Conversations between Color Farm Media and the congressman’s Atlanta office connected Arnon and Alexander to Porter, who was “totally on board” with the collaboration, Arnon said, and agreed to direct the film.

“Dawn Porter has incredible experience directing and producing films, and she has a whole team of people that she loves to work with, like the cinematographers and the editors,” Arnon said. “So what we really brought us value was in that we had these relationships. Any congressional office is not necessarily easy to navigate or to work with, and there’s a lot of difficulties and challenges in terms of scheduling a film and shooting with them because it’s a moving target.”

For viewers familiar with Lewis’ legacy, it is the access given to the documentarians that resonates throughout “John Lewis: Good Trouble.” Interspersed with familiar scenes of the congressman on Capitol Hill and at campaign events are glimpses of Lewis reading the morning newspaper in his Atlanta home; on drives through his Alabama hometown of Troy; walking the grounds of his family’s farm; and interviews with his siblings.

One poignant moment happens when Henry Louis Gates Jr., the Harvard University professor who hosts PBS’ “Finding Your Roots,” recounts telling Lewis that researchers had determined that his great-great grandfather had registered to vote just two years after the end of the Civil War in 1867.

The end of Reconstruction and subsequent voter-suppression legislation in Southern states prevented other Lewis family members from voting — until Lewis did so nearly a century later.  

“I guess it’s in my DNA,” Lewis said.

Since its release, “John Lewis: Good Trouble” has been seen worldwide and screened on myriad campuses, including a number of Historically Black Colleges and Universities. But Arnon, a graduate of Emory University in Atlanta, is thrilled that UWA is bringing the film to its Livingston campus.

“Obviously, Alabama is a critically important state with respect to this film,” Arnon said. “That’s where John Lewis was from. His family is still there. And in western Alabama, really close to Mississippi, just to be frank, there’s still an enormous amount of racism (in the region). There’s enormous amount of voter suppression. 

“But what we do see is that there’s also folks who are leaning into better understanding the perspective of John Lewis and his mission to create a beloved community. I do believe in that. I believe that is a possibility. And one of the keys to sort of moving beyond some of the challenges that we face in the nation is exposure. It’s exposure to other people, people that might not look like yourself.
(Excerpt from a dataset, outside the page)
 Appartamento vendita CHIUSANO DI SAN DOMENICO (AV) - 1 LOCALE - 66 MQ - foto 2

It’s exposure to people who come from different religions to different backgrounds in general.”

Through this film, the UWA community will be able to reflect on its role as a hub for civic engagement and inspire future generations to do something that matters and make good trouble when necessary.”
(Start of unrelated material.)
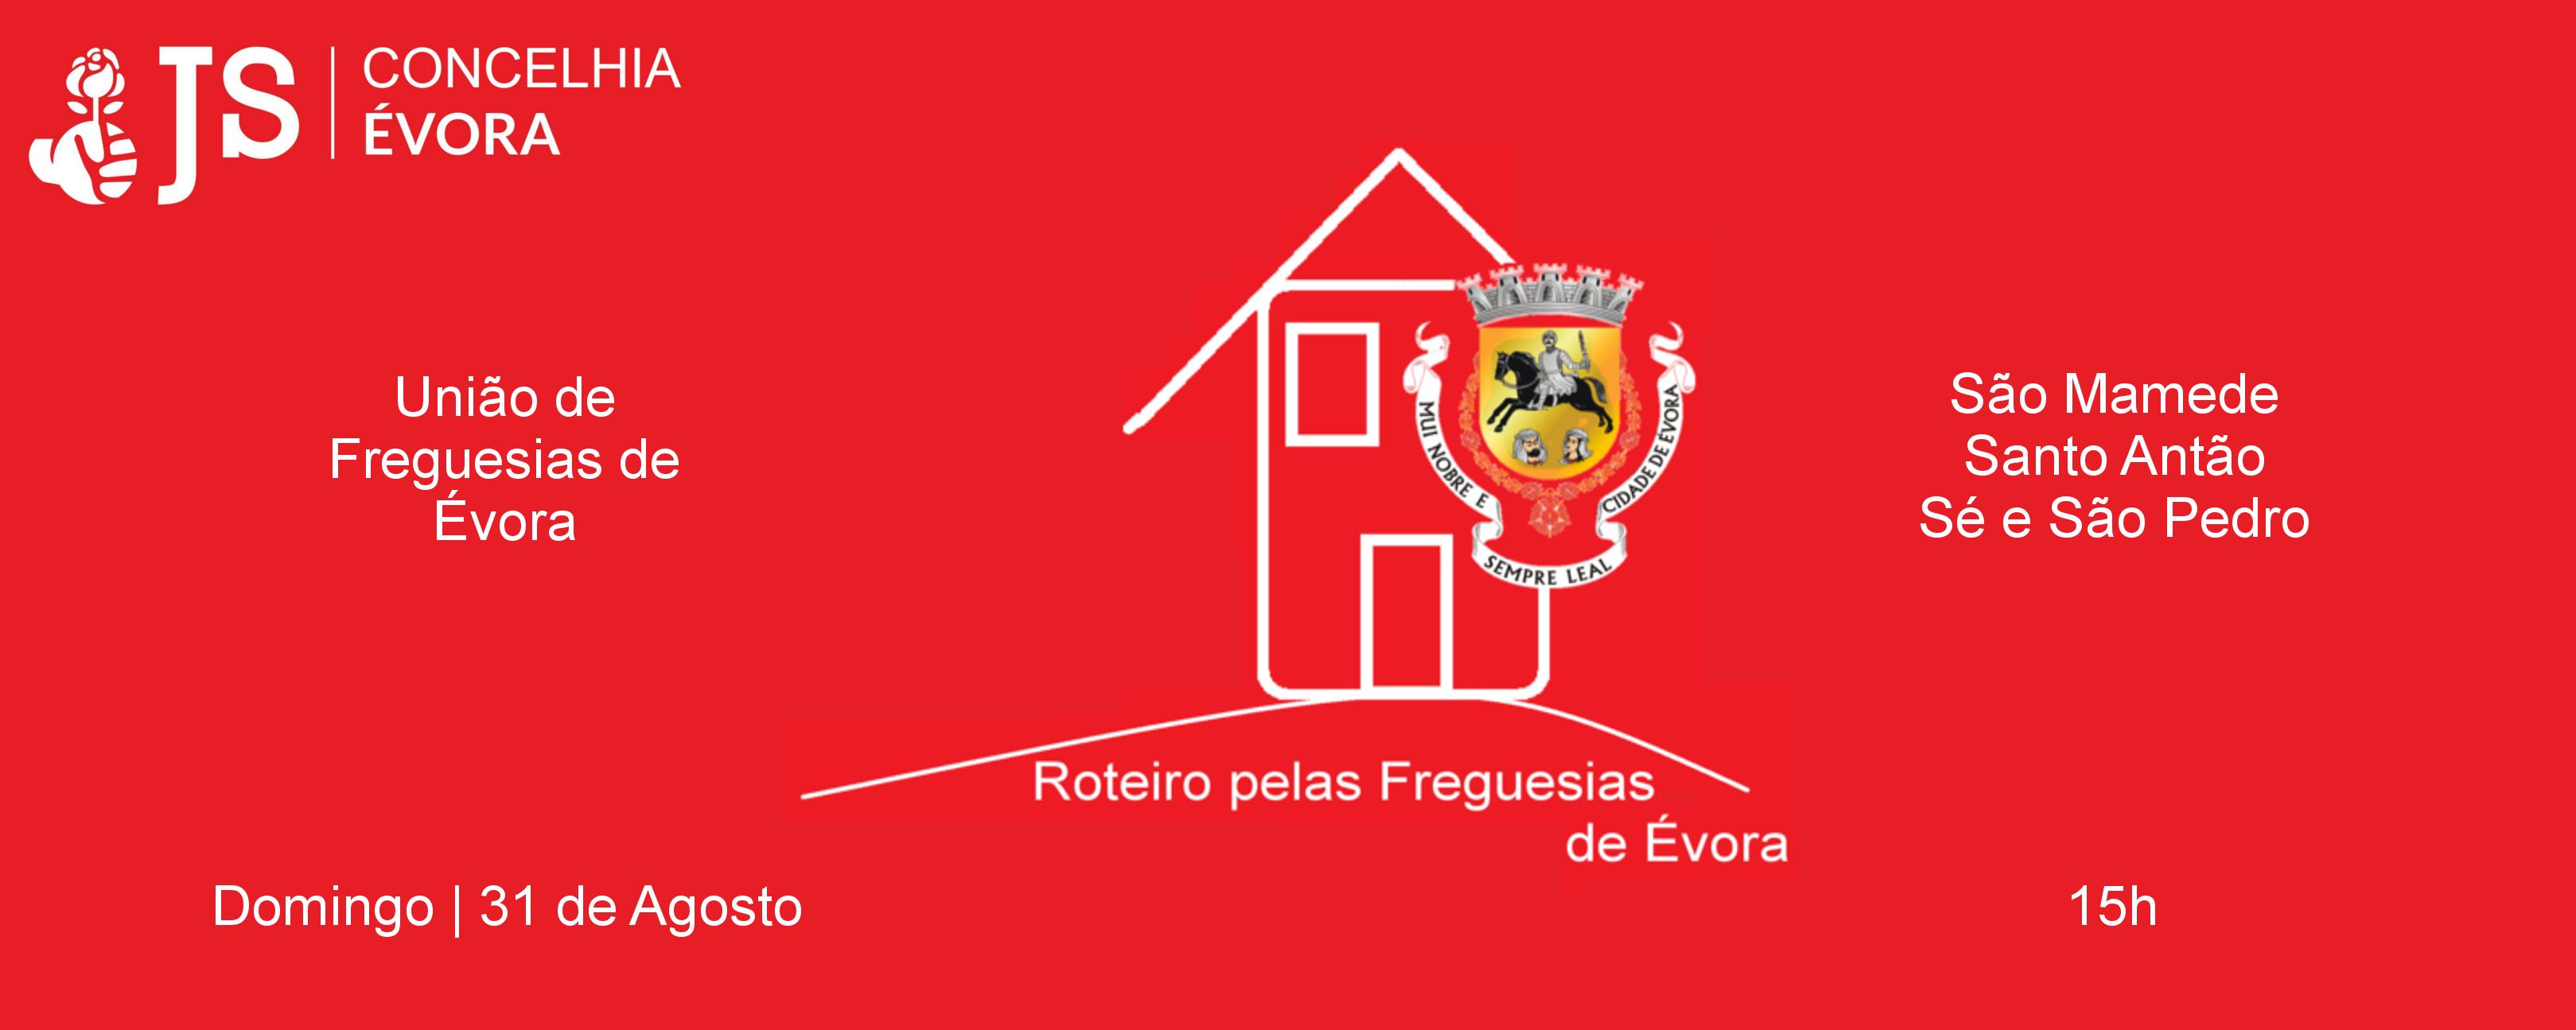 Roteiro pelas Freguesias de Évora - Évora

— Dr. B.J. Kimbrough, UWA’s chief diversity officer

Filmmaking and storytelling, Arnon said, can empower negative stereotypes, or it “could really help people to understand the world in different ways and to understand other people,” the latter of which is baked into the Lewis documentary.

 As a medium, documentary films have value as entertainment; after all, documentaries that vary widely in quality and tone are prevalent on streaming services such as Netflix and Hulu. But the producers of “John Lewis: Good Trouble” anticipate the film attaining an “evergreen status” that affirms its role as a teaching tool. That Lewis enjoyed the documentary — “He cried and really loved the film,” Arnon said — gives it a further patina of expectation.  

“Hopefully it is one of those films that people view repeatedly over time,” Arnon said, “but also that colleges, universities and other schools do lean on to teach about the importance of voting rights, to teach in political science classes, to teach in human rights classes, teaching all kinds of different classes. That’s definitely something that we were hoping for. And so far, the reception has probably been as good as we could have expected.”